Multi-stakeholder actions relating to education and training, carried out by governments, companies, universities, schools, and associations, are necessary. Activities such as awareness-raising and introduction to coding, from the earliest age to primary and secondary school, are priorities in the fight against stereotypes. The challenge is to change the outdated image of the “geek” and encourage vocations in this “cyber” sector where the unemployment rate is 0%.

In addition to raising awareness among pupils and teachers in schools, it is important that parents and families also take up the subject. They are the main influencers in terms of guidance. We need to repeat to girls that they can go into these professions. Today, only 33% of girls are encouraged by their parents to go into the digital professions, compared to 61% of boys… At the same time, 37% of female high school students are considering going to a computer science or engineering school, compared to 66% of boys[5].
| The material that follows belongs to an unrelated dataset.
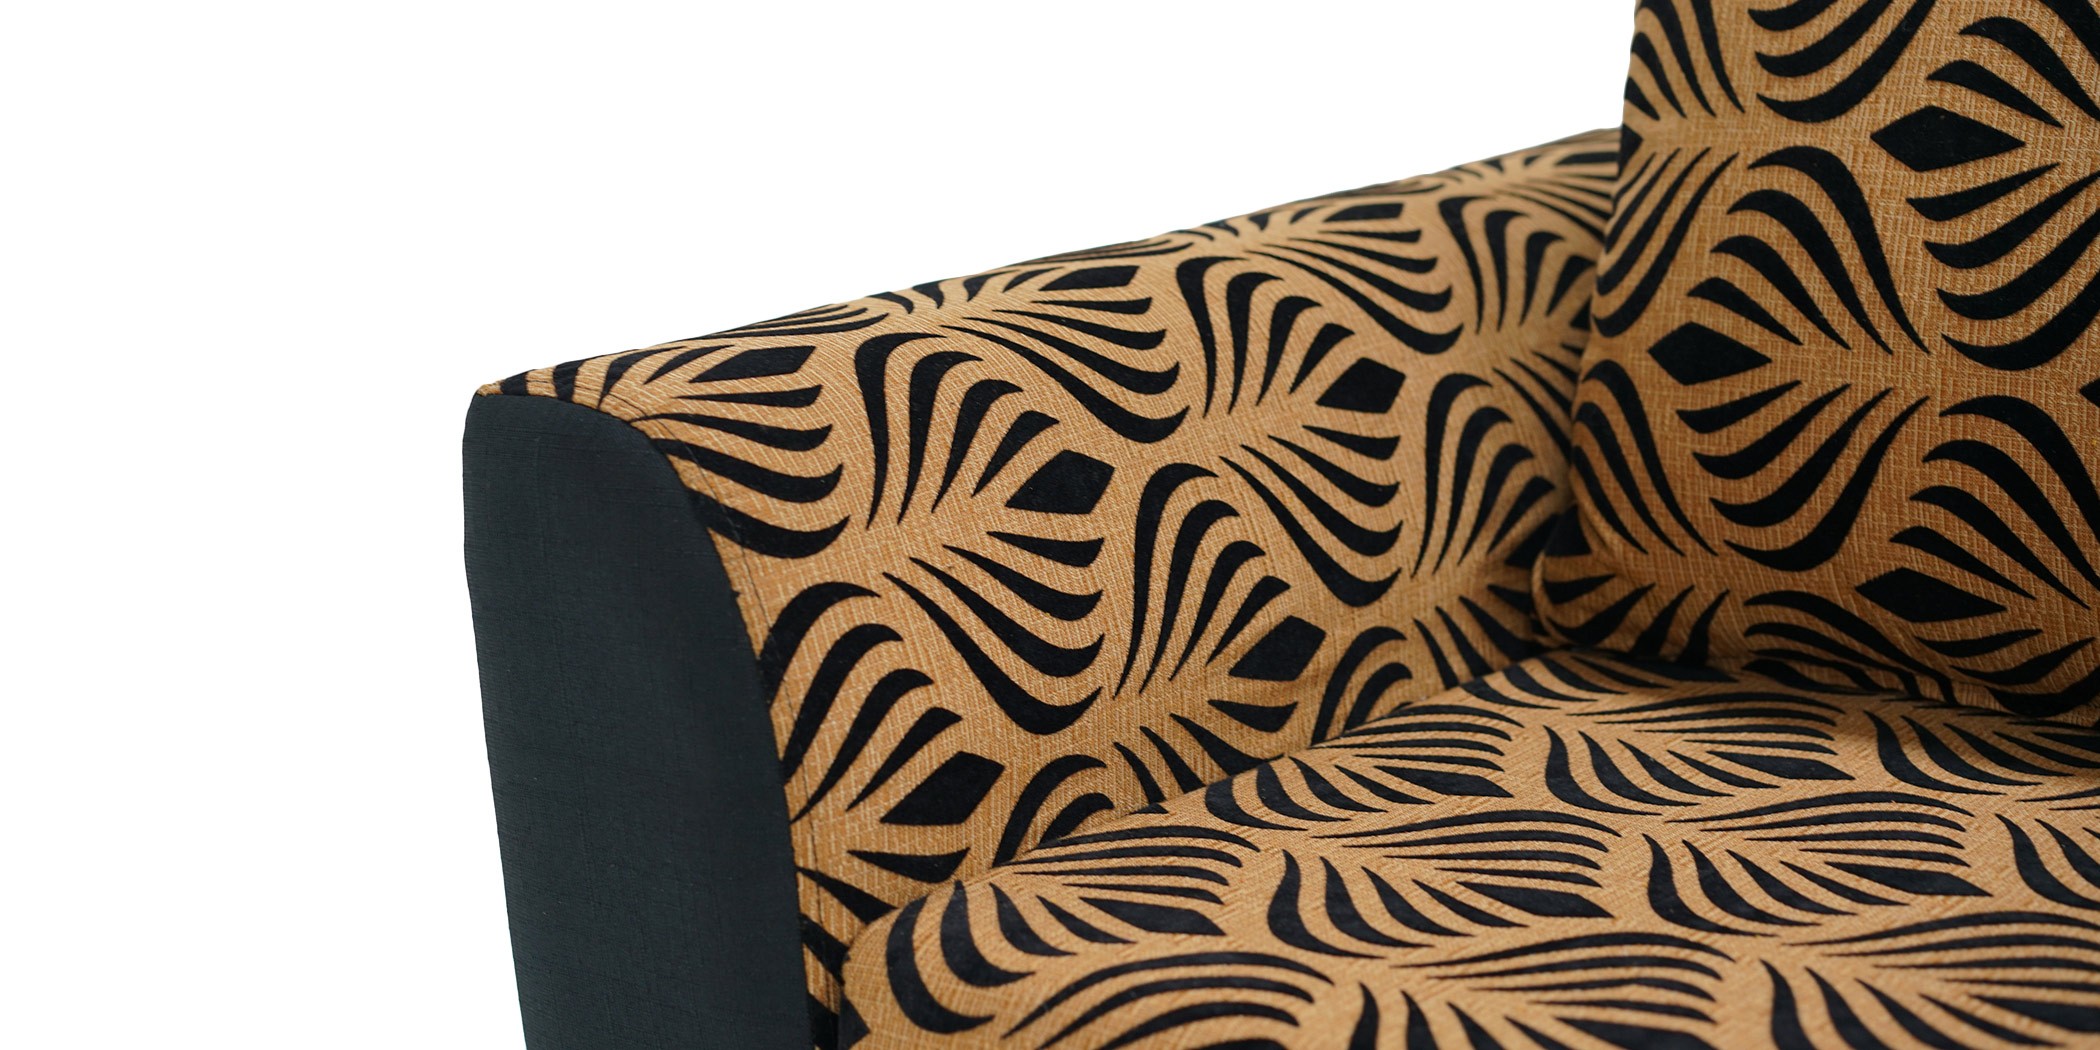 Elsa Sofa 3+2+1 Black W/Brown Pattern Fabric
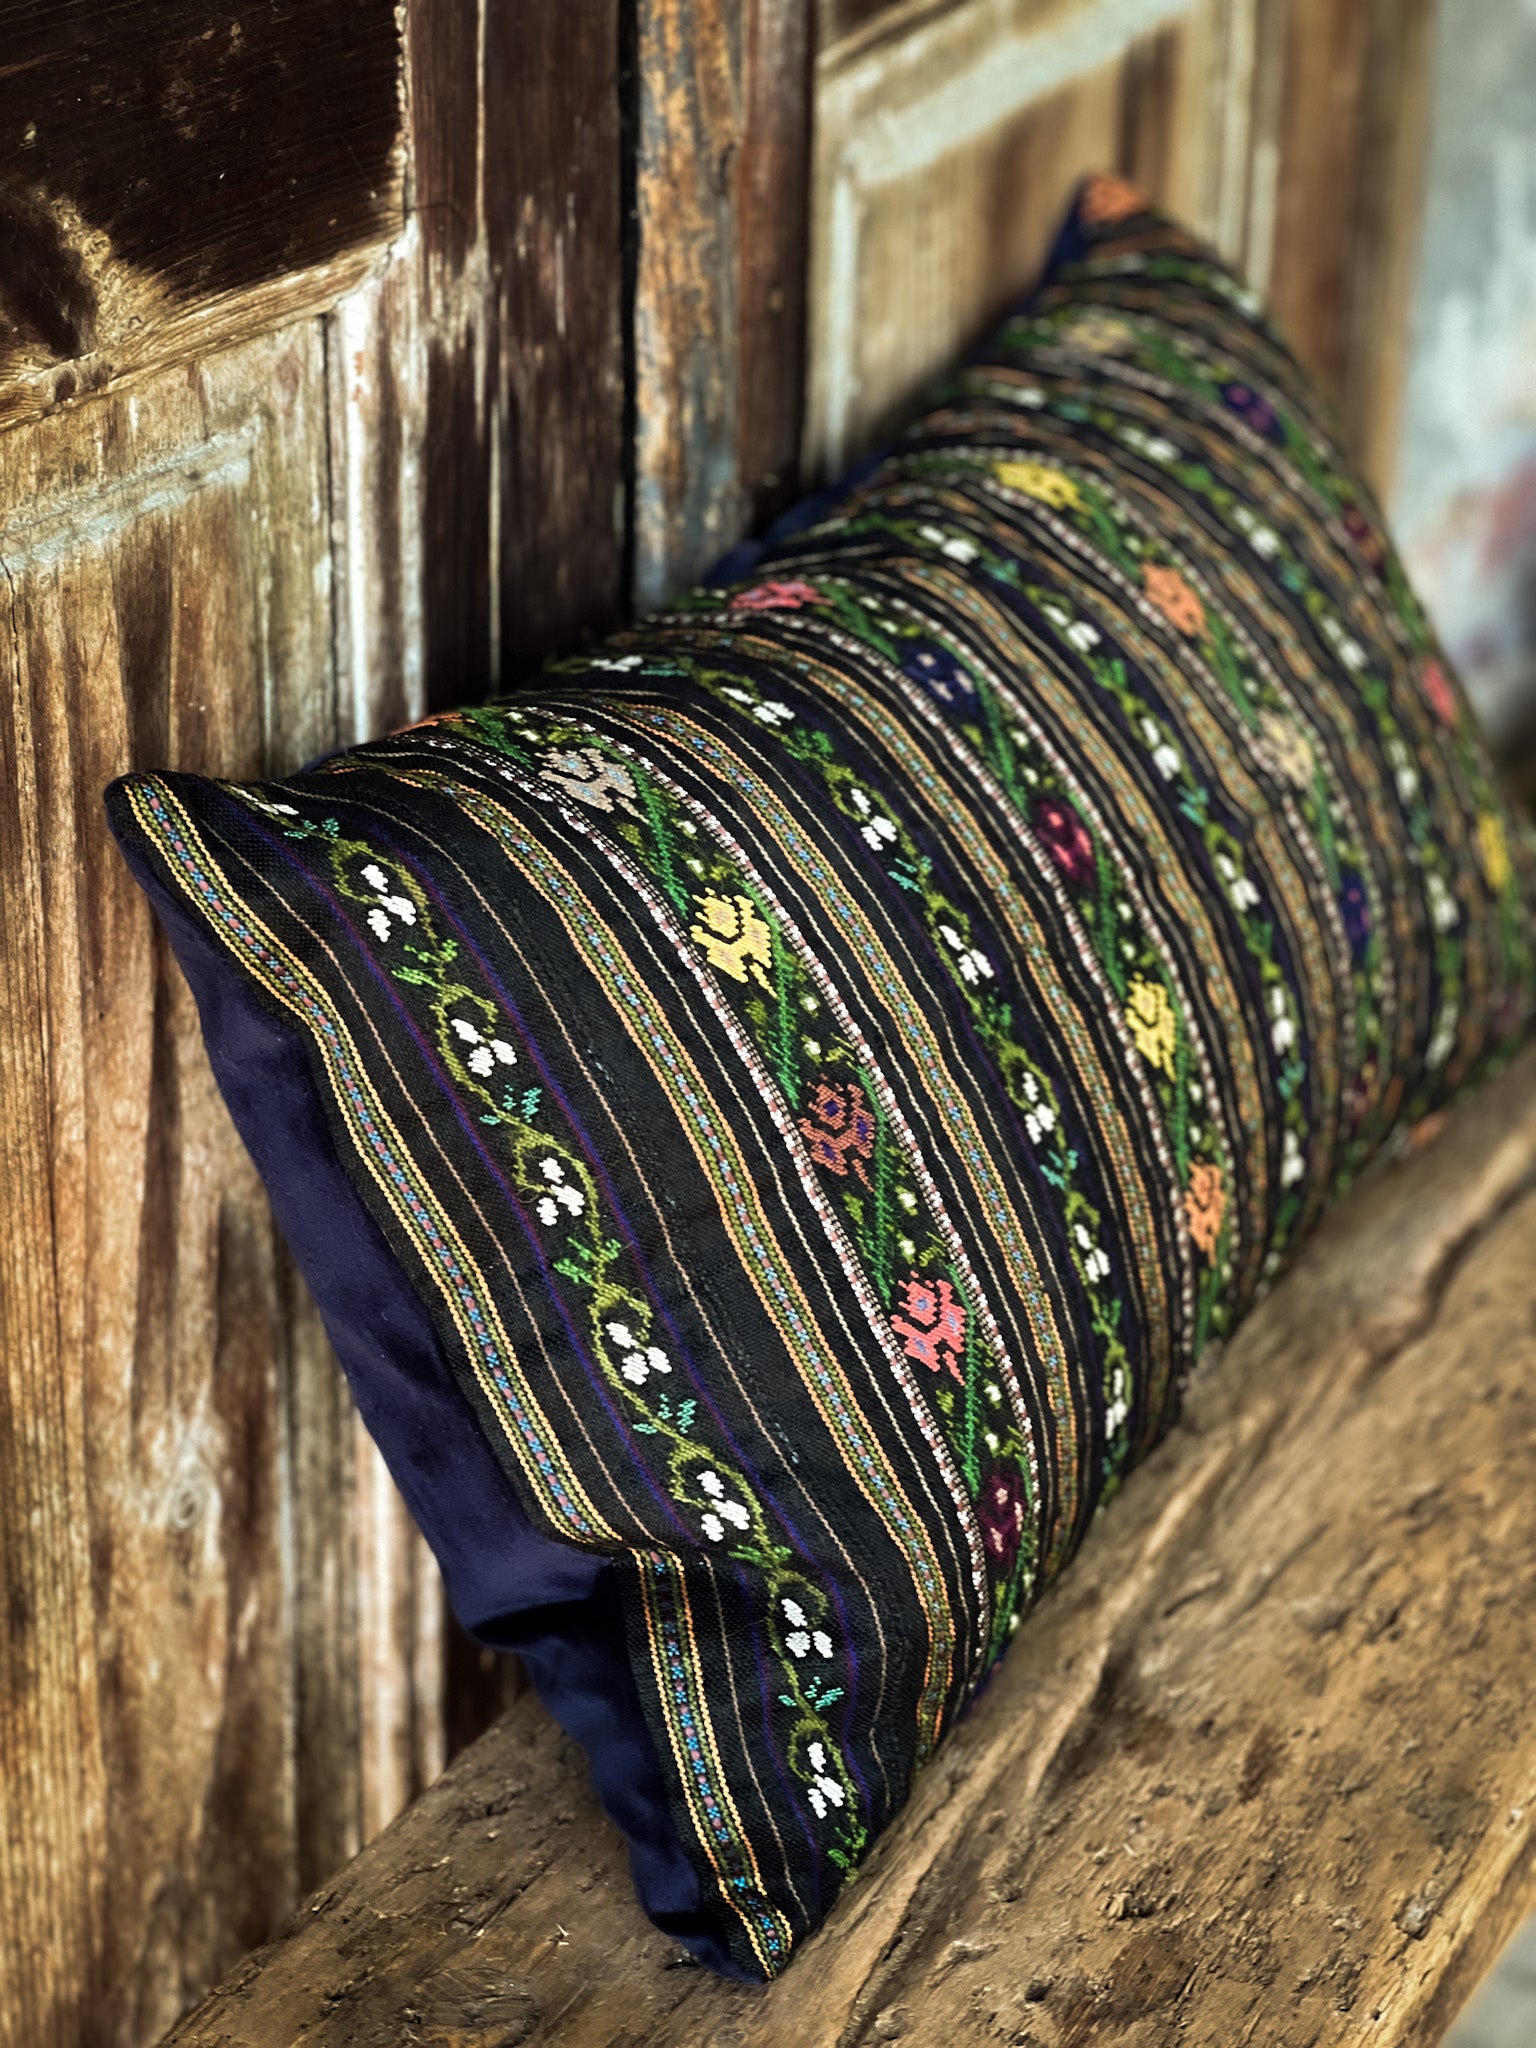 Pillow: Artifact textile, handwoven in Romania - P458

TEHTRIS, together with its partners, has understood that gender diversity is a guarantee of efficiency and that it only results from competence and merit. TEHTRIS currently has a 31% female workforce, and 75% of the Executive Committee is female. We have a Cyber Academy that enables us to train our workforce, regardless of their background. Often associated with technical attacks, the cybersecurity sector is in fact very vast and everyone can find their place in it. It brings together a variety of skills: technical development, design, legal, HR, sales, marketing, finance, purchasing, planning, analysis, etc. It is also meaningful because we can act by preventing ransomware from happening. In this way, we are working for cyber peace.

The cyber ecosystem—and in particular the associations of which TEHTRIS is a member—have clearly identified this urgent need for gender diversity and the need to promote the presence of women in these professions. The CEFCYS (Cybersecurity Women’s Circle) is doing remarkable work to raise awareness in secondary and higher education. Within the Cyber Excellence Cluster, the ‘Cadettes de la Cyber’ programme—of which I have the honour of being one of the sponsors—has just been created with the aim of supporting women in this sector. At the European level, Women4Cyber, launched by the European Cyber Security Organisation (ECSO), is working to make the sector more inclusive through national Chapters. The European Union is also at work with, for example, the WomenTech EU initiative aimed at supporting women entrepreneurs in deep tech. This list is far from exhaustive.

However, while all these initiatives are necessary to raise awareness among stakeholders, they are not sufficient. It is up to girls, women, and men to act, to dare to go into these fields of the future, and to accompany and support these talents.

[1] According to the UN (2020)

[2] (ISC)² Cybersecurity Workforce Study

[3] According to the BCG

[4] According to the Sista/CNNum/BCG barometer

[5] According to a survey conducted in 2021 by Ipsos and the computer school Epitech.